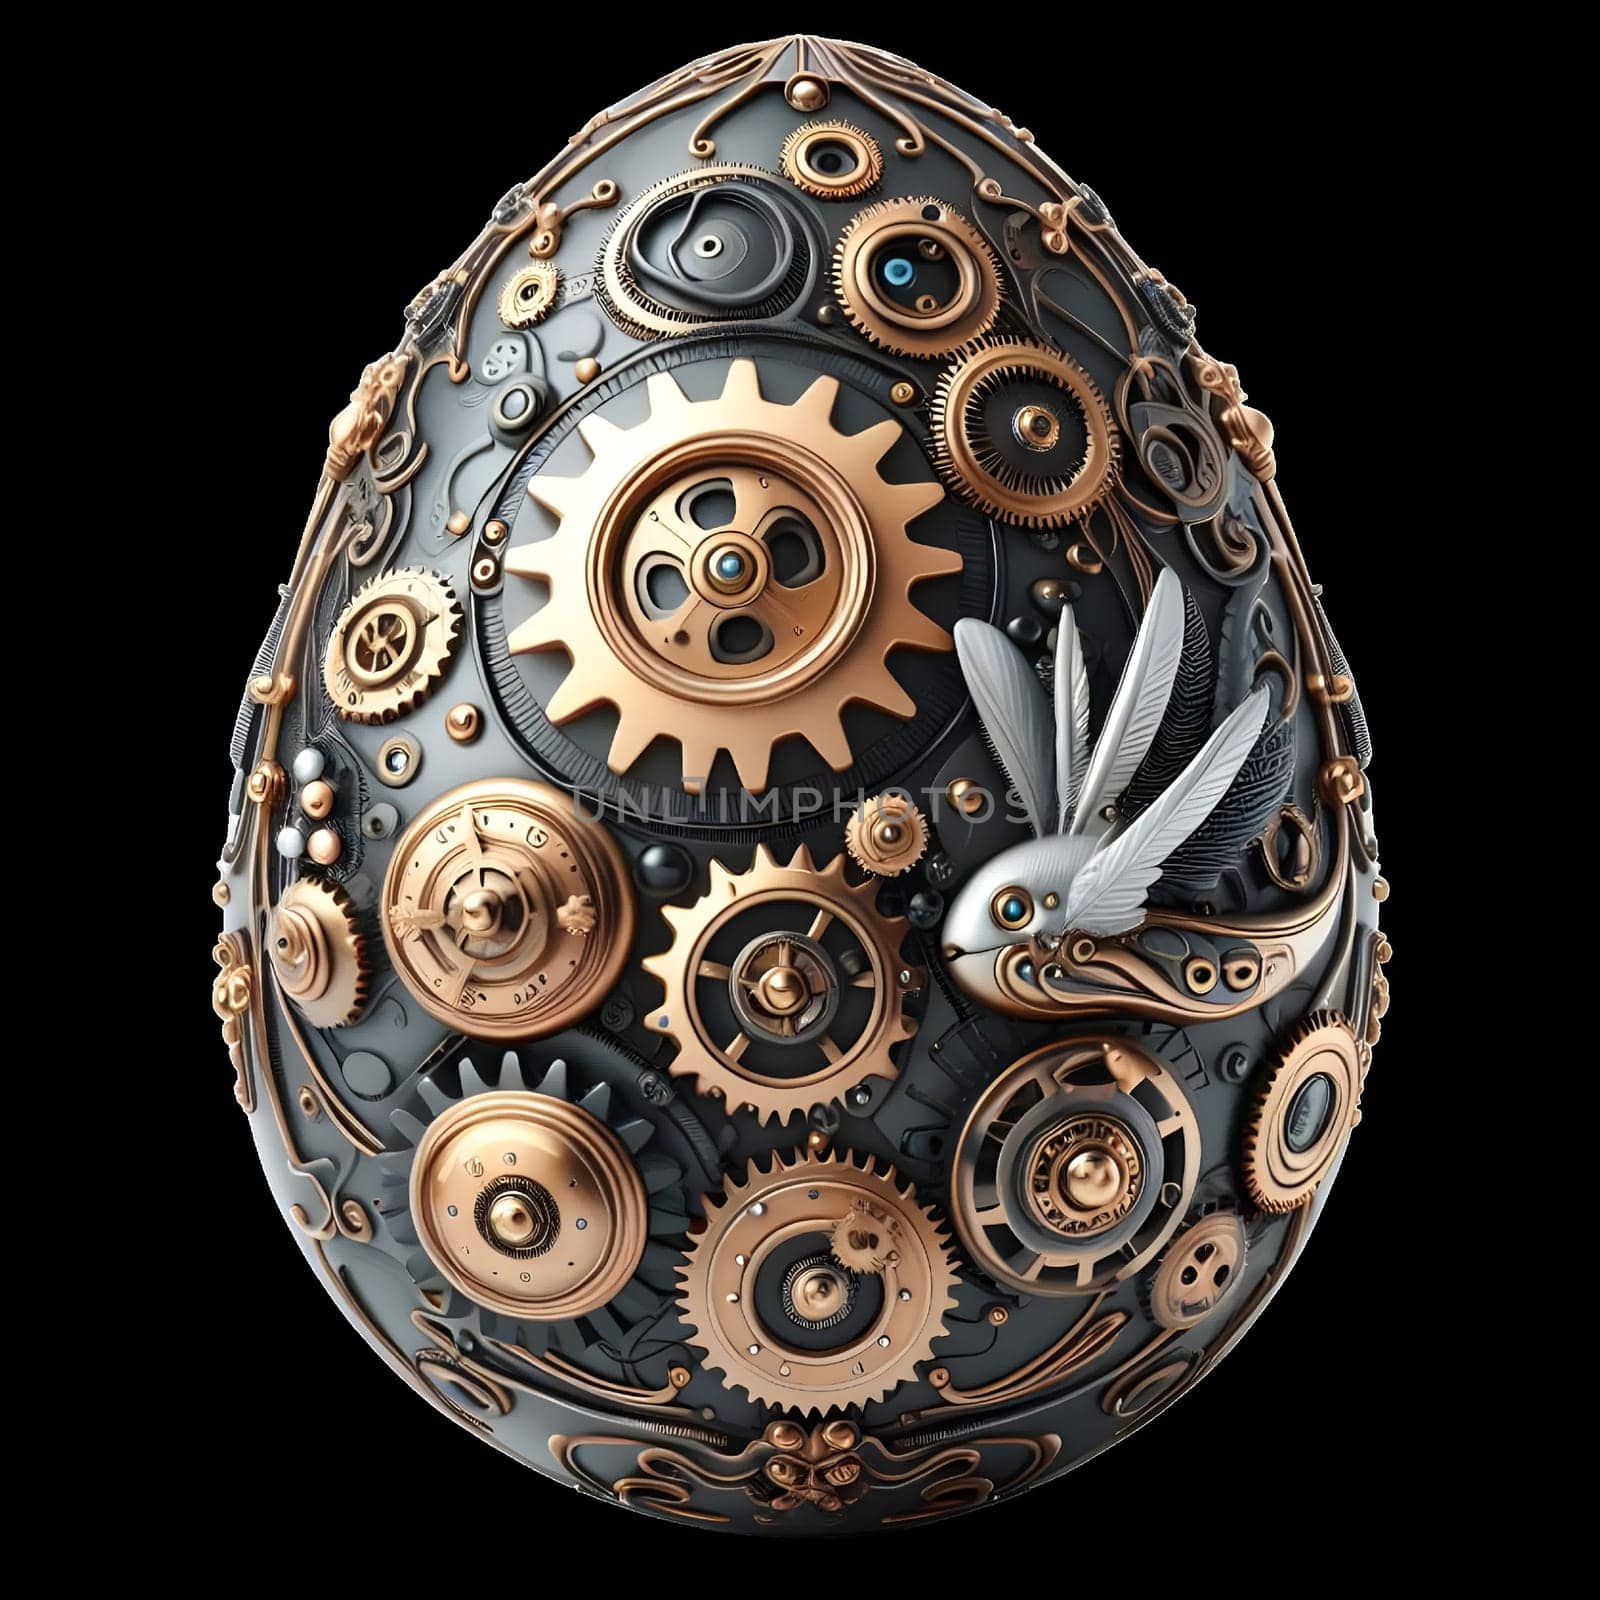 A luxurious easter egg, encrusted with sparkling jewels and intricate filigree, fit for royalty-free Jeweled Egg, Easter Egg, Paschal Egg, Jewelry Art, Home Decor, Art Collectible, OOAK Gifts by Designlab
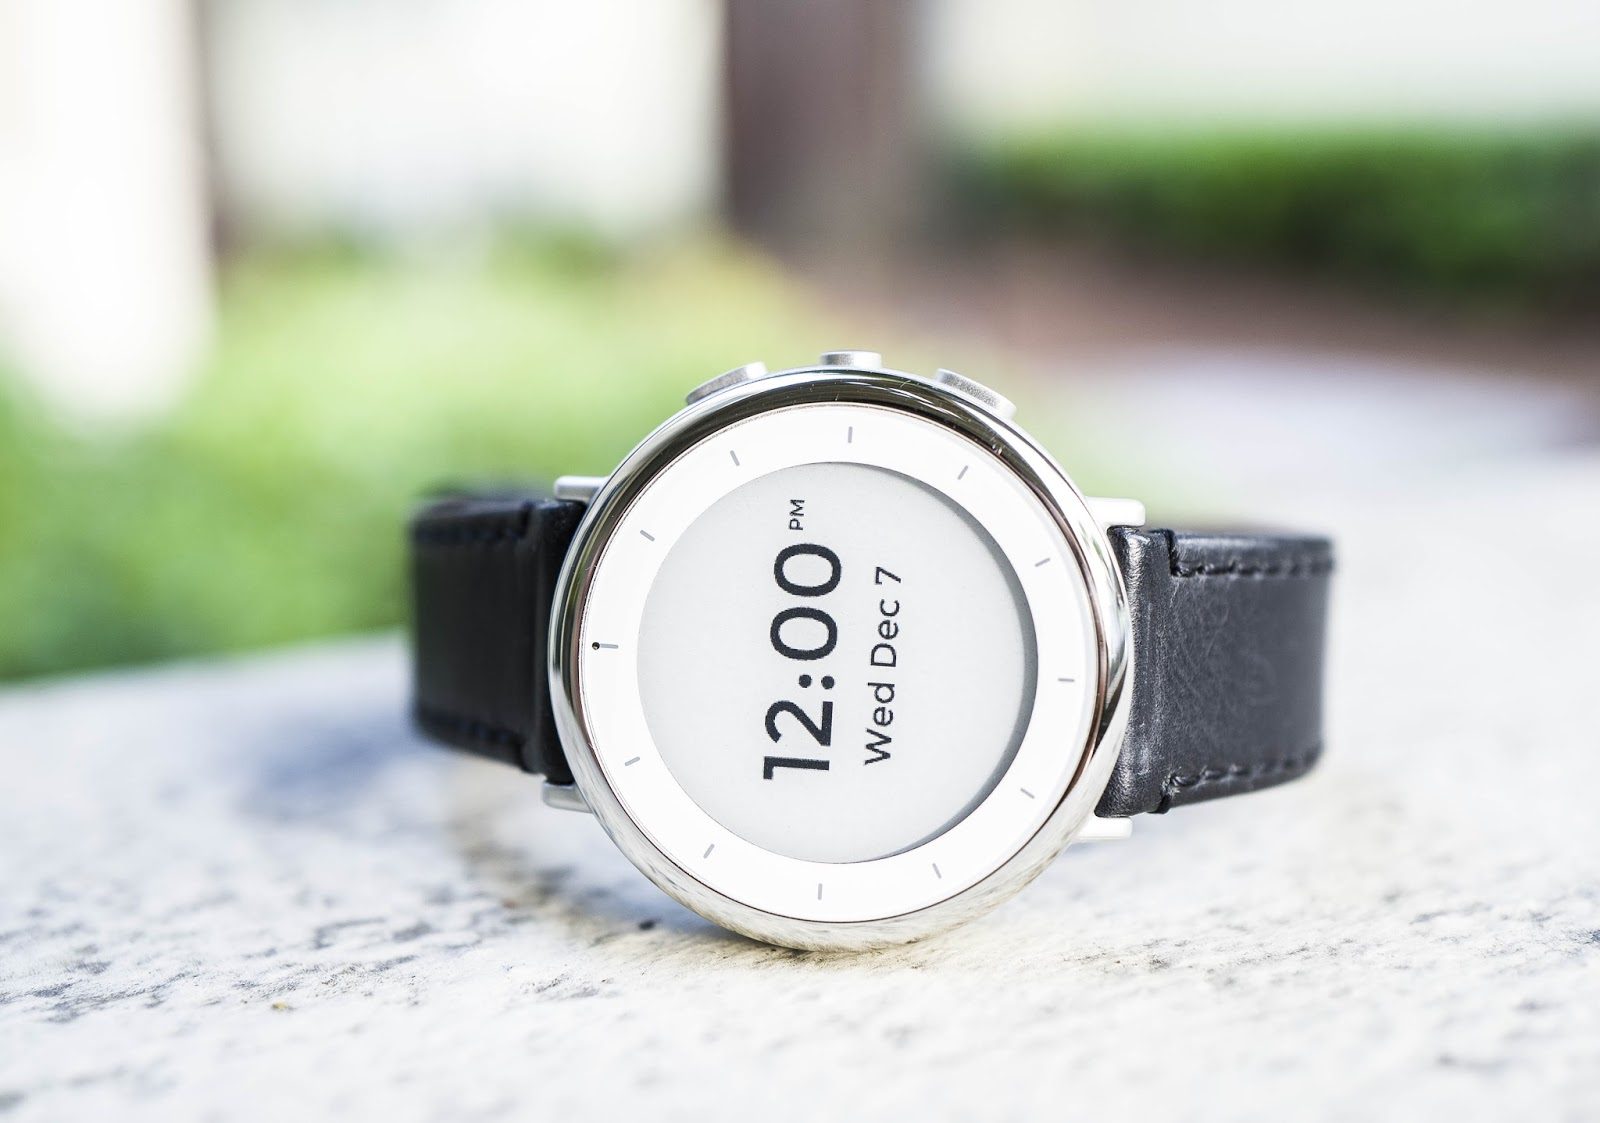 Alphabet’s Verily makes ‘Study Watch’ for health research
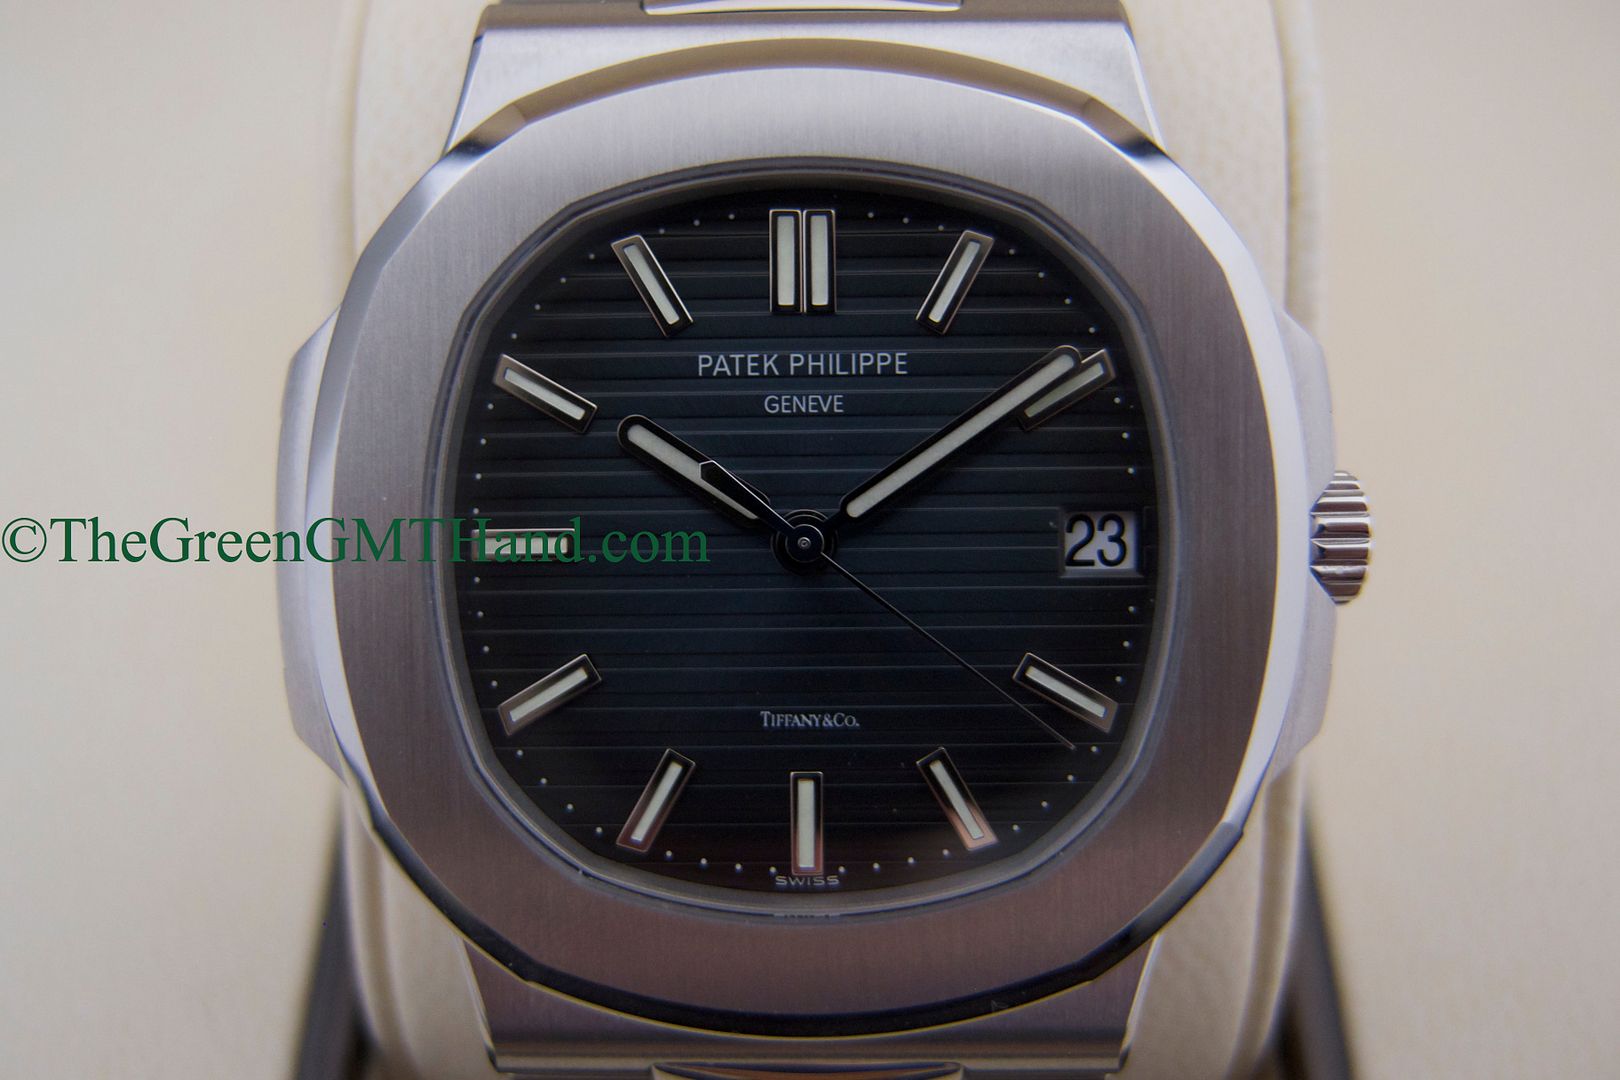  Patek Philippe For Sale-Tiffany Dial Patek Philippe 5711/1A-010 Steel Nautilus Blue Dial 324 SC Movement Patek Philippe Seal 5.8 Million Serial Preowned-Patek Philippe Watches For Sale Online
-*-*-
• DESCRIPTION OF THE TASK
All that is wanted is the lines from the one holding "Alphabet’s Verily makes" through the end of the material, duplicated exactly, with no pictures.

• TASK ANSWER
 Alphabet’s Verily makes ‘Study Watch’ for health research
  Patek Philippe For Sale-Tiffany Dial Patek Philippe 5711/1A-010 Steel Nautilus Blue Dial 324 SC Movement Patek Philippe Seal 5.8 Million Serial Preowned-Patek Philippe Watches For Sale Online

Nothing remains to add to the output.